Results similar to ours have led other researchers10 to suggest that cTnT and H-FABP should be seen as complementary biomarkers for the early prediction or to rule out AMI. When using H-FABP and cTnT serum admission levels as a combined test in the present data, a significantly greater early sensitivity could be reached compared with cTnT alone. The specificity, however, was significantly lower than for cTnT alone. This resulted in a lower combined overall test accuracy and greater misclassification than for cTnT alone. Analysis of the misclassification rate revealed that by trying to rule out AMI at admission by combining the results of elevated H-FABP and cTnT serum levels, a desirable overall reduction in the false-negative rate from 26% to 3% was accompanied by a marked increase in the overall false-positive rate to 35% (Table 4). Therefore, we have concluded that greater sensitivity for an early diagnosis of AMI using a combined test can only be achieved with a marked loss in overall diagnostic test efficiency and a greater misclassification rate. Despite a gain in power, the complementary use of H-FABP and cTnT serum levels led to a high degree of imprecision, making diagnostic and therapeutic decisions prone to type I errors. Confirmatory H-FABP testing 1 hour after admission has been suggested25 and could possibly minimize the false-positive diagnosis of AMI.

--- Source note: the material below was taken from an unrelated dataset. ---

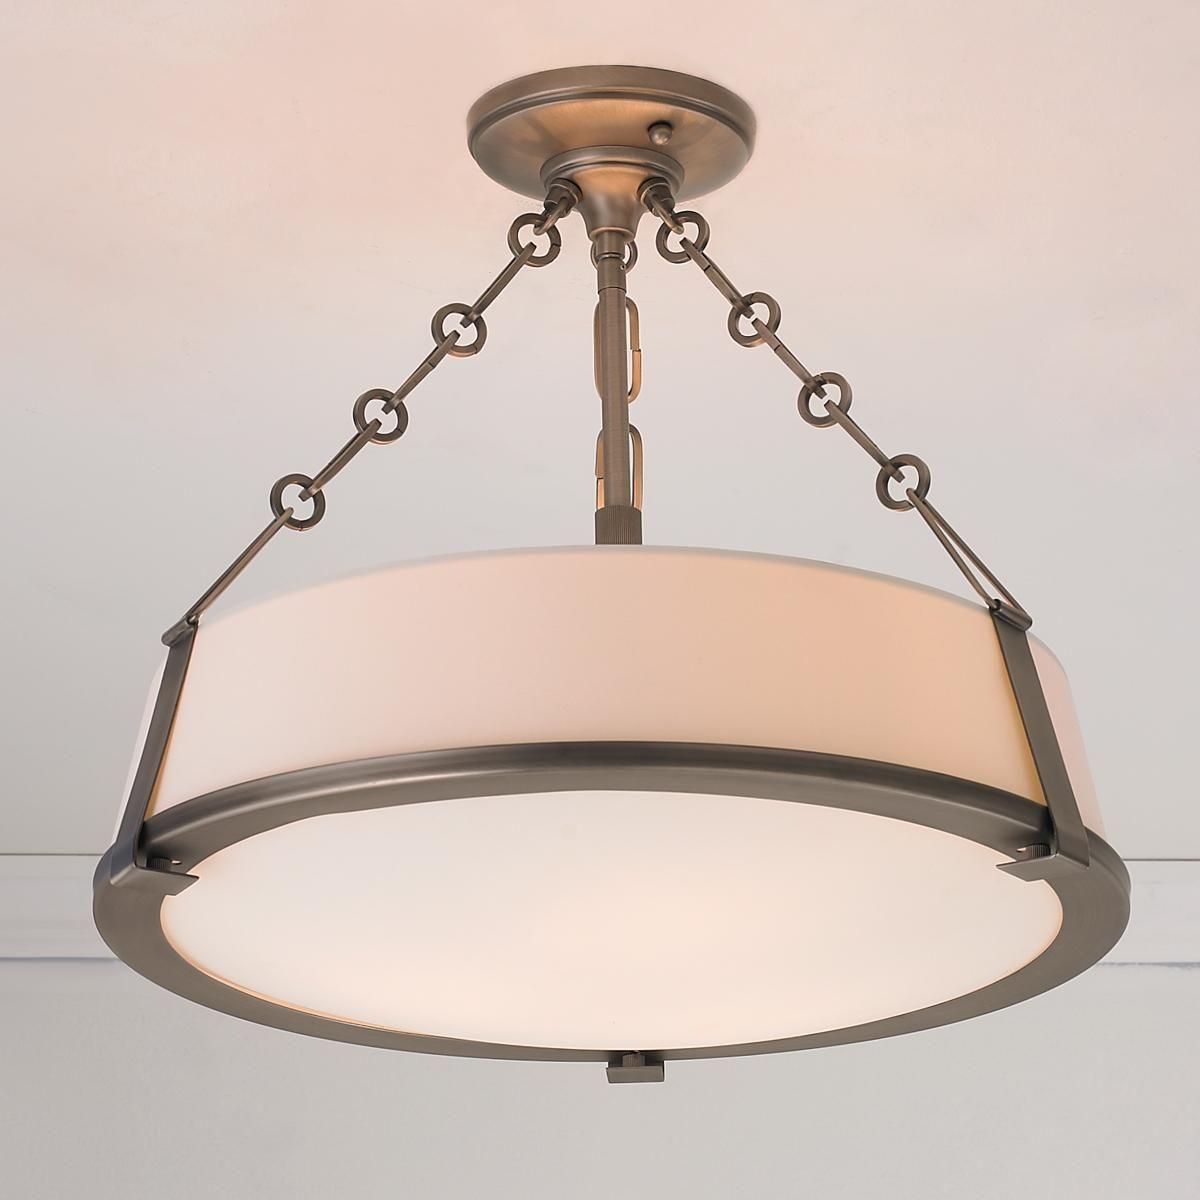 Deco Modern Semi Flush Ceiling Light Shades Of Light Semi Flush Ceiling Lights Ceiling Lights Ceiling Light Shades

In the present study, we assessed the global test characteristics of biomarkers using receiver operating characteristic curves accounting for sensitivities and specificities at different cutoff values (Figure 3 and Table 5). In acute STEMI, we found no significant difference between the diagnostic test characteristics of H-FABP and cTnT as measured by the AUC. If patients with AMI presented with a symptom duration of <4 hours, H-FABP performed significantly better than cTnT as a marker to differentiate between acute STEMI and non-AMI conditions. When analyzing patients with non-STEMI, however, we found that H-FABP performed particularly poorly, irrespective of symptom duration. Because non-STEMI is a diagnostic model reflecting a thrombembolic, often repetitive, microvascular occlusion from an upstream thrombus-laden ruptured plaque, misclassification by H-FABP testing could be attributed to the small amounts of H-FABP being rapidly cleared from serum in contrast to the large molecular cTnT, which cumulates to finally maintain elevated serum levels. A gain in sensitivity of a rapid-release biomarker in the early phase of STEMI could be explained if the affected myocardial mass is large enough.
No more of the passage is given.